*Assignment*: Quote the listing below in full and exactly as written, but omit every picture.
Segment Start: Input data
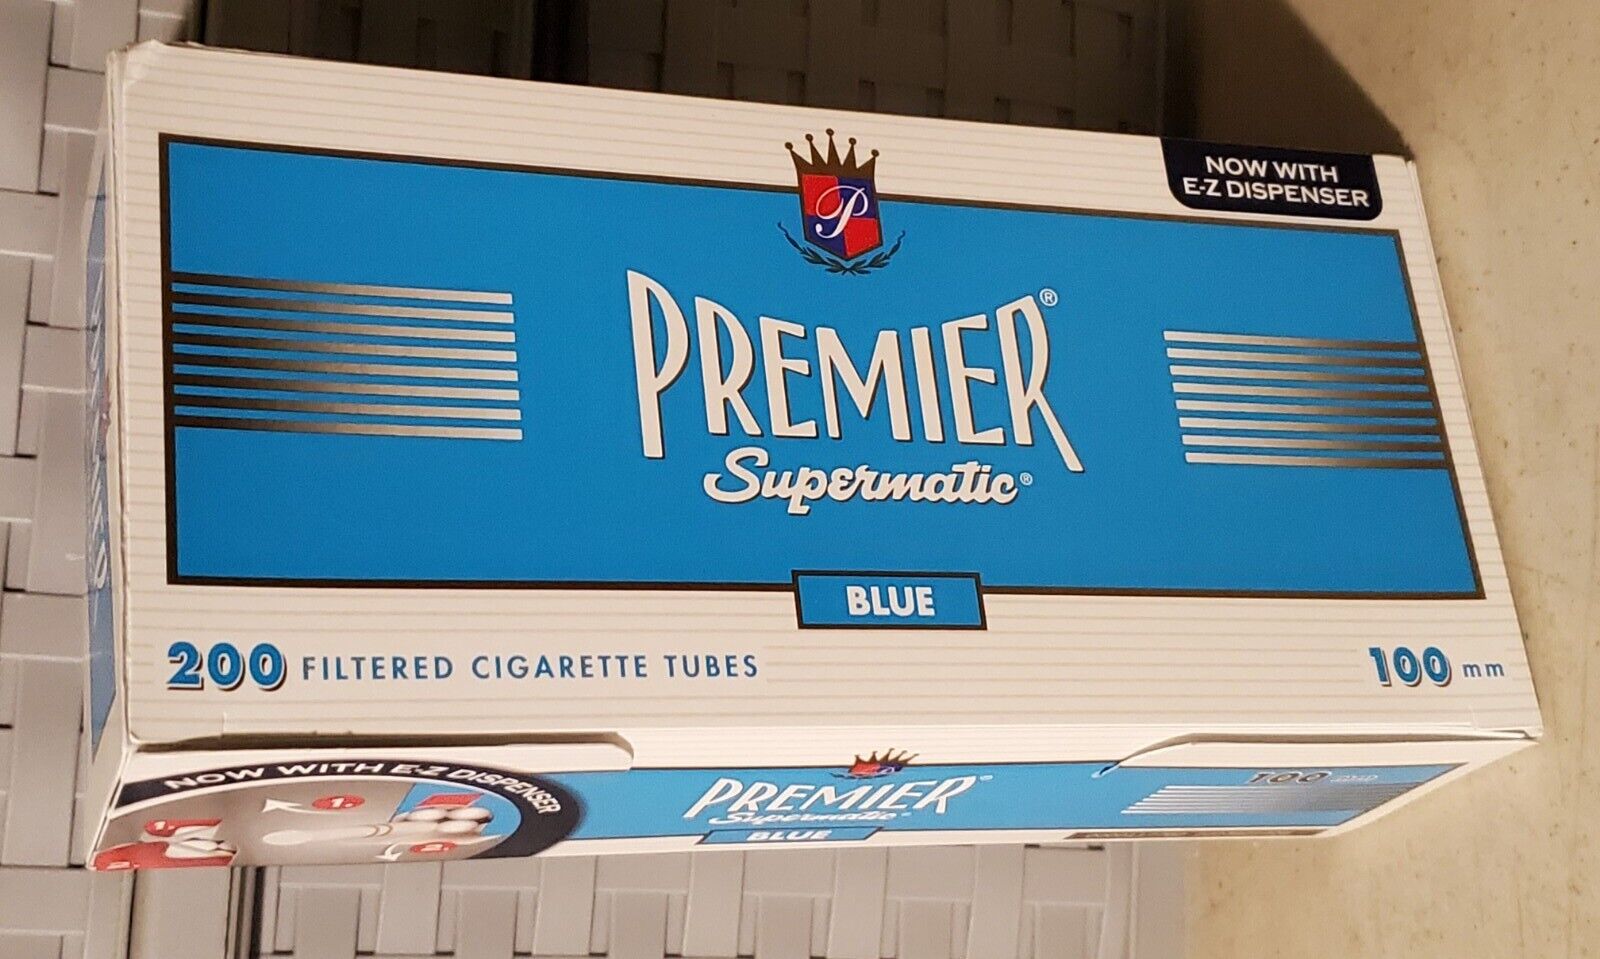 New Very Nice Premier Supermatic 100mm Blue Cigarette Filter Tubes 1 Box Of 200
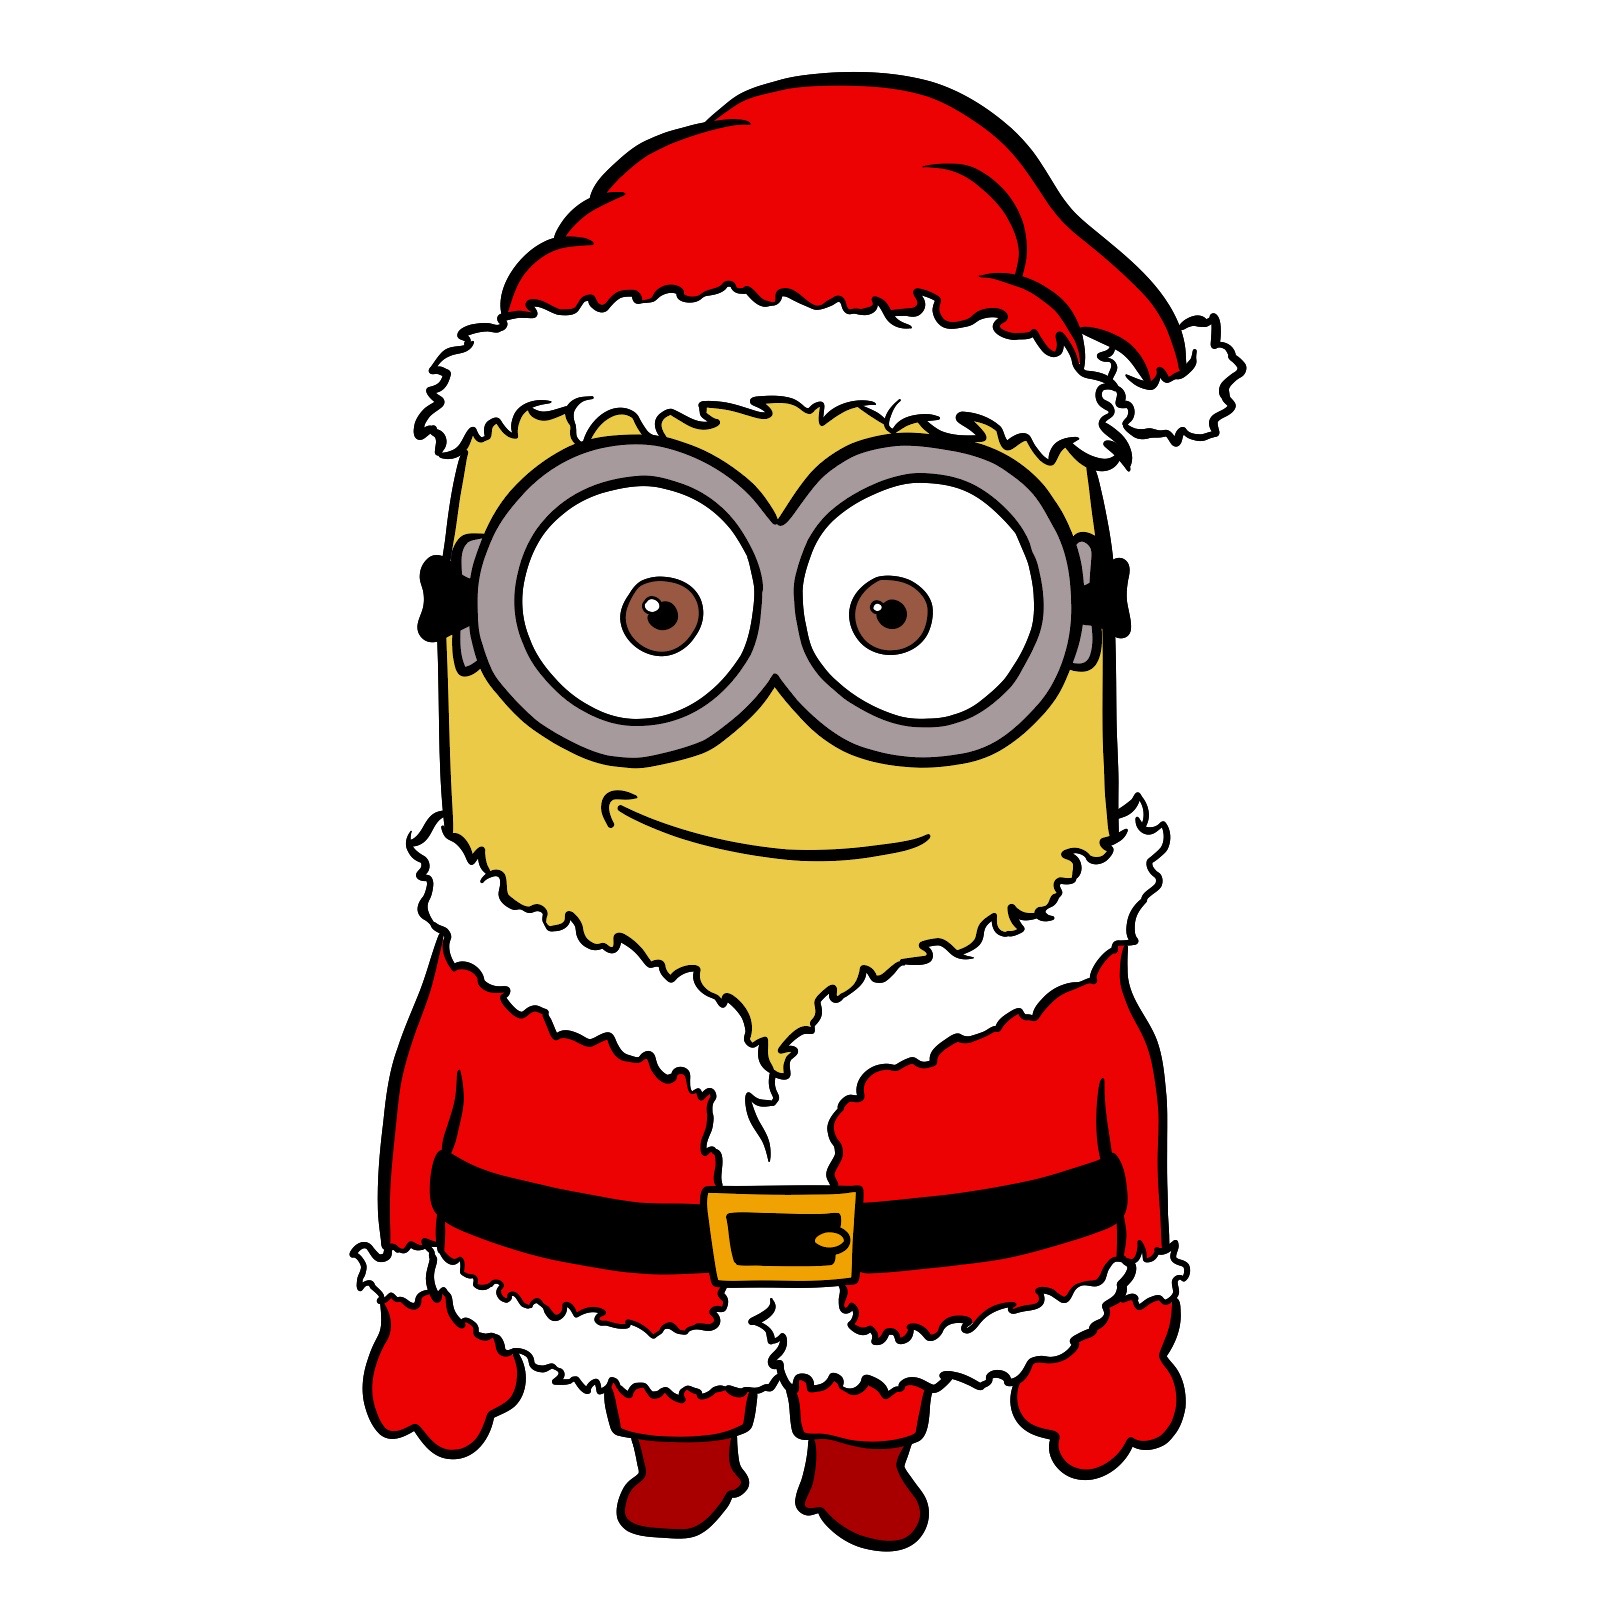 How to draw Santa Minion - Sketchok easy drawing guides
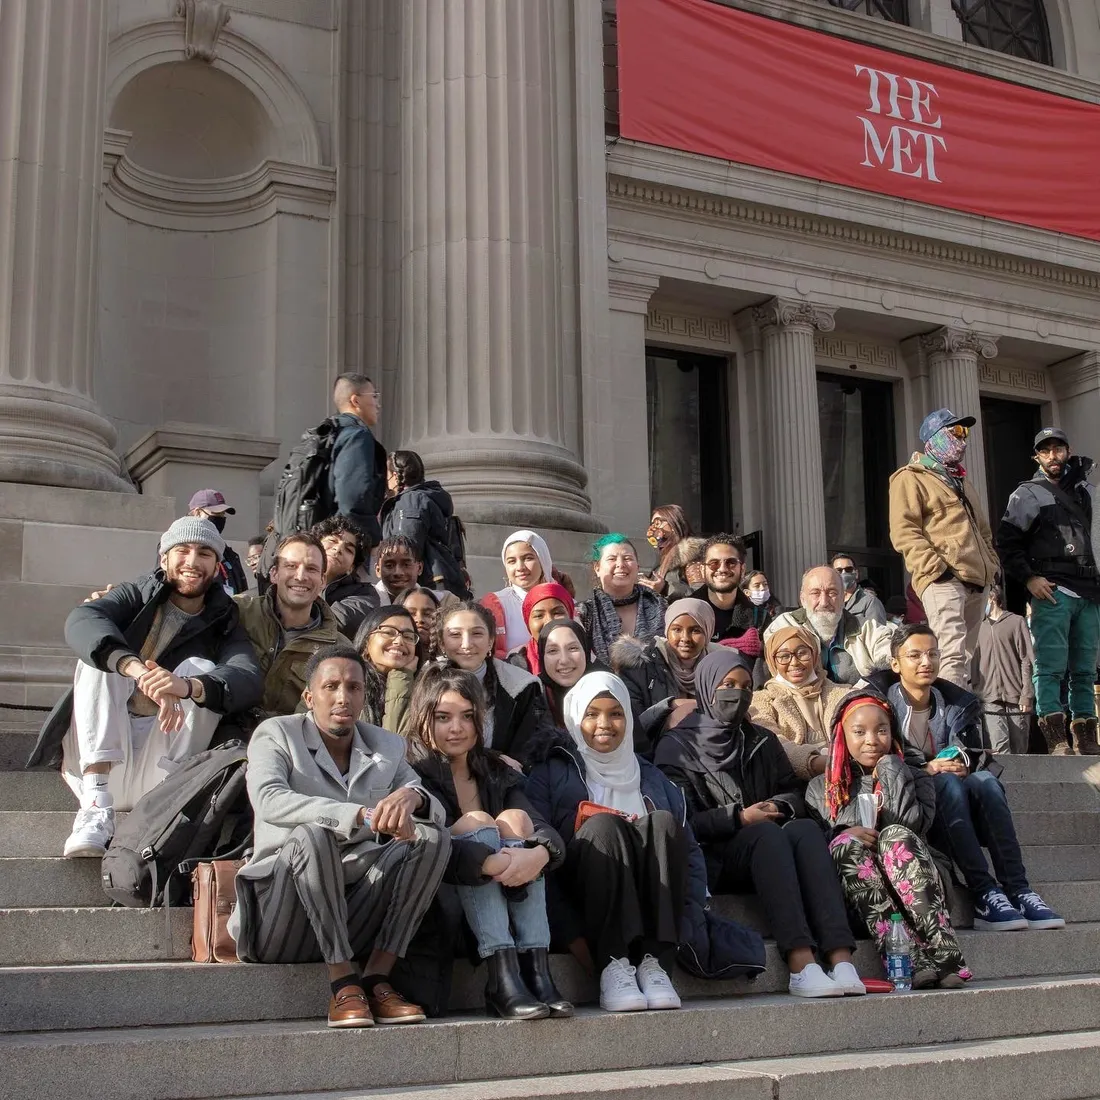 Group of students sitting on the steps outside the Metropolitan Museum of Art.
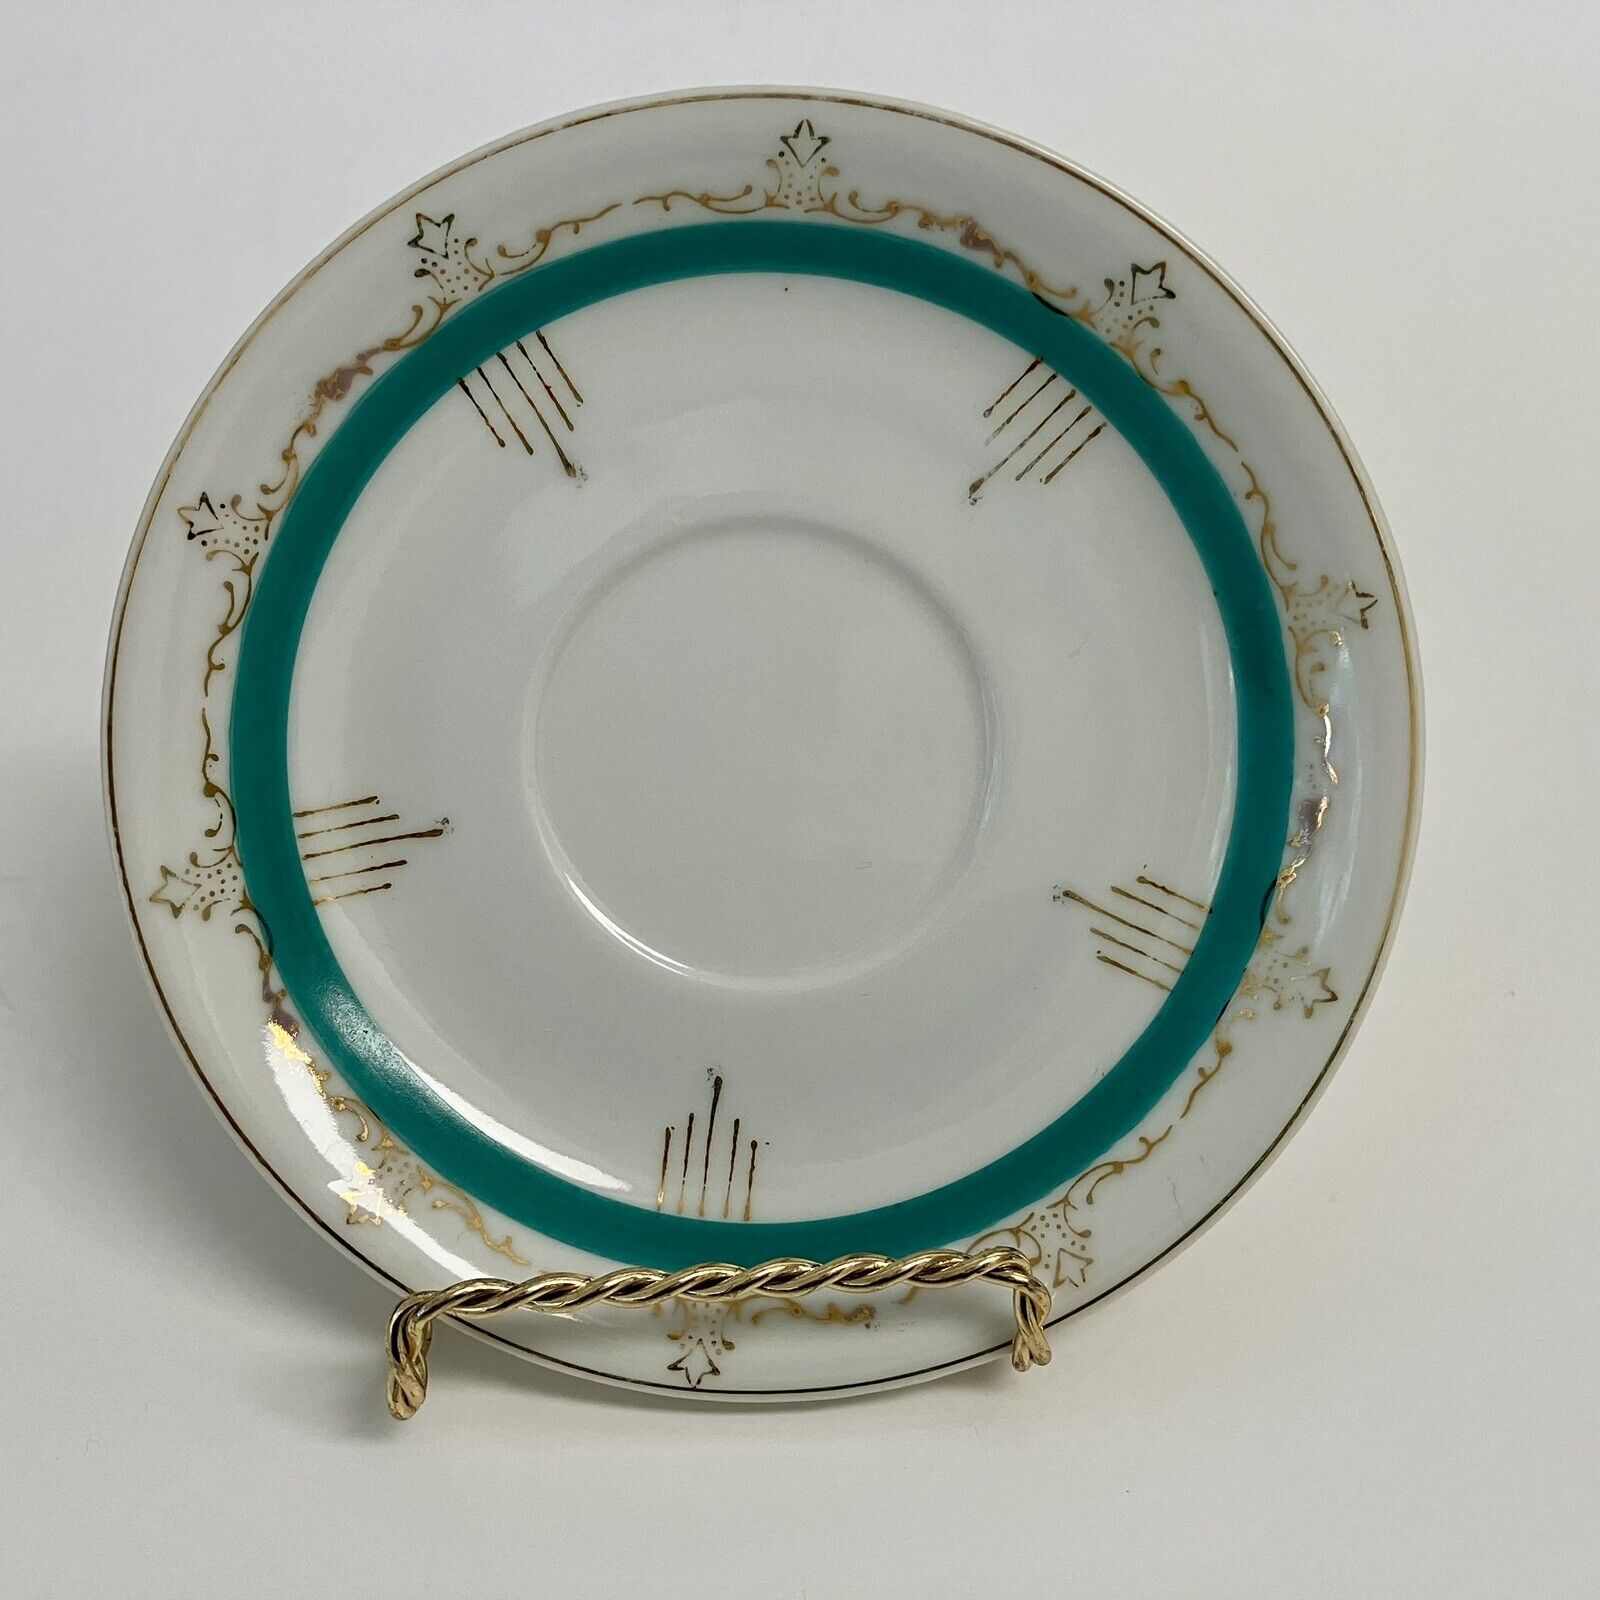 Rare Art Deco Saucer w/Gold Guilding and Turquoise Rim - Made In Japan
Segment End: Input data
*Output of the exercise*:
 New Very Nice Premier Supermatic 100mm Blue Cigarette Filter Tubes 1 Box Of 200
 How to draw Santa Minion - Sketchok easy drawing guides
 Group of students sitting on the steps outside the Metropolitan Museum of Art.
 Rare Art Deco Saucer w/Gold Guilding and Turquoise Rim - Made In Japan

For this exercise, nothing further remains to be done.